There are two other ways to avoid any possibility of split-brain syndrome, but they (naturally) have their own headaches. One is to avoid the use of cluster locks altogether (simply don't assign any), and to instead use a small HP-UX server in a third location, a third node in the cluster. HP calls this an "Arbiter Node" or "arbitrator system", and it is a fully supported configuration (specifically intended for this exact situation). The arbiter node only needs to be on the network, it has no apps, no connection to any shared storage, and no role in running any packages (none are ever assigned to it).
Its sole purpose is to provide a quorum for whichever system is still in communications with it, if a network fails. Since more than 50% of the nodes are present, quorum is established, the cluster is rebuilt as a two-node cluster, and MCSG restarts all packages as per its control scripts (normally all start on the surviving node). The reason this works is that a cluster lock is not requred for a 3-node cluster, and any two nodes can establish the quorum.

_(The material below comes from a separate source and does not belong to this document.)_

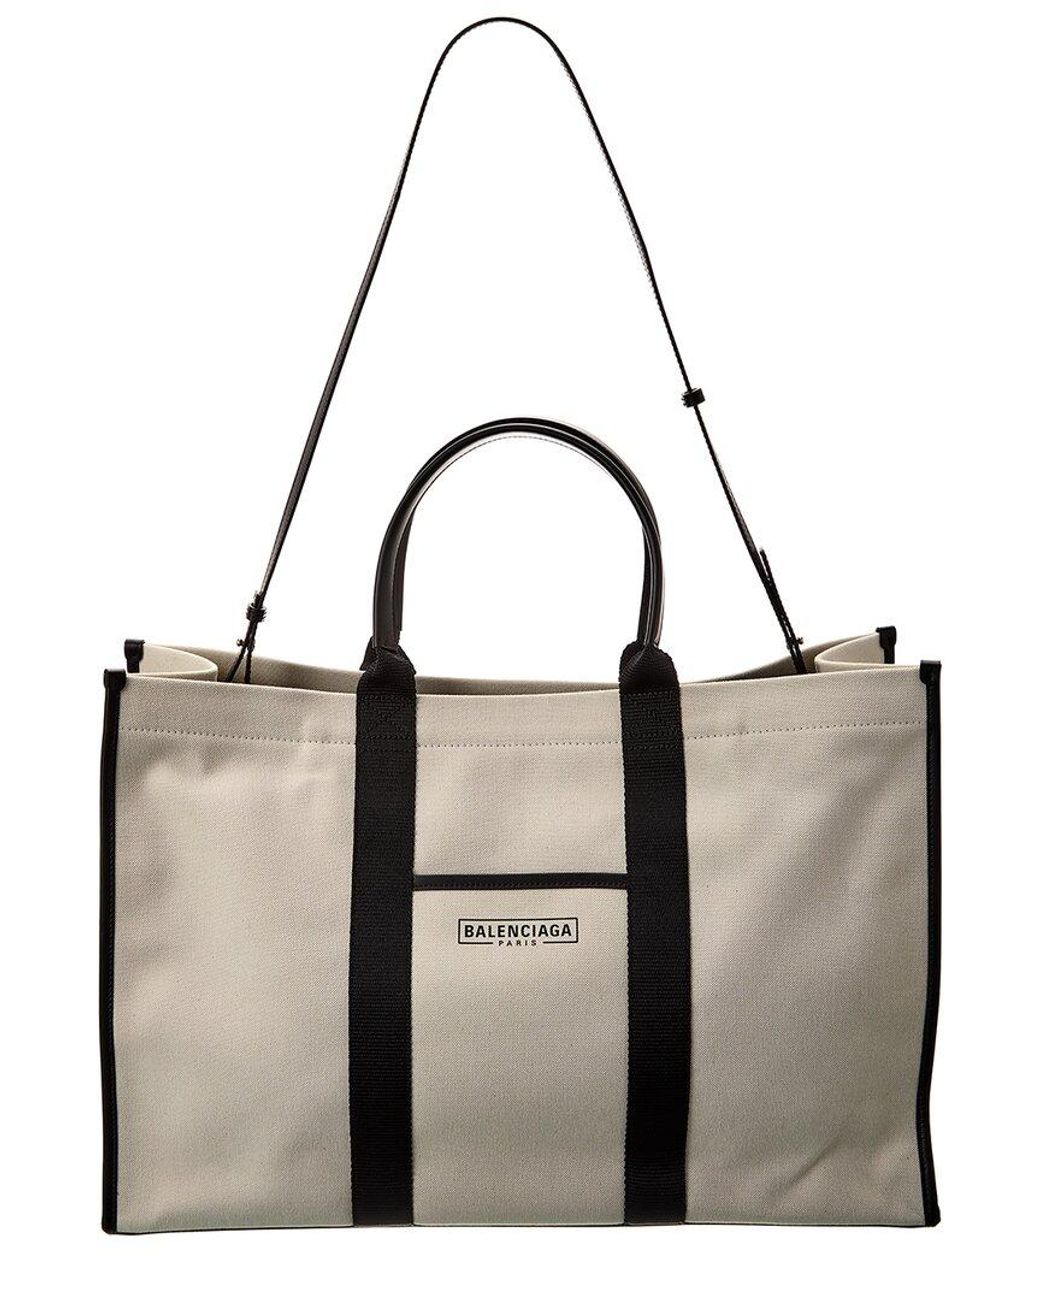 Balenciaga Hardware Large Canvas & Leather Tote in White | Lyst

The downside is two-fold: first, a complete network failure will still cause no node to establish a quorum, and all nodes will TOC and halt. This means no split-brain syndrome, but also no automated/lights-out failover. Somebody has to manually restart one or both nodes, and convince it that it should resume cluster operations. In a lot of cases, this is the preferred outcome, compared to split-brain syndrome. The second downside is that not everybody actually has a campus, with 3 or more buildings over which they have ownership or control. A lot of people have their main site, and a co-location center or a second building, and nothing else.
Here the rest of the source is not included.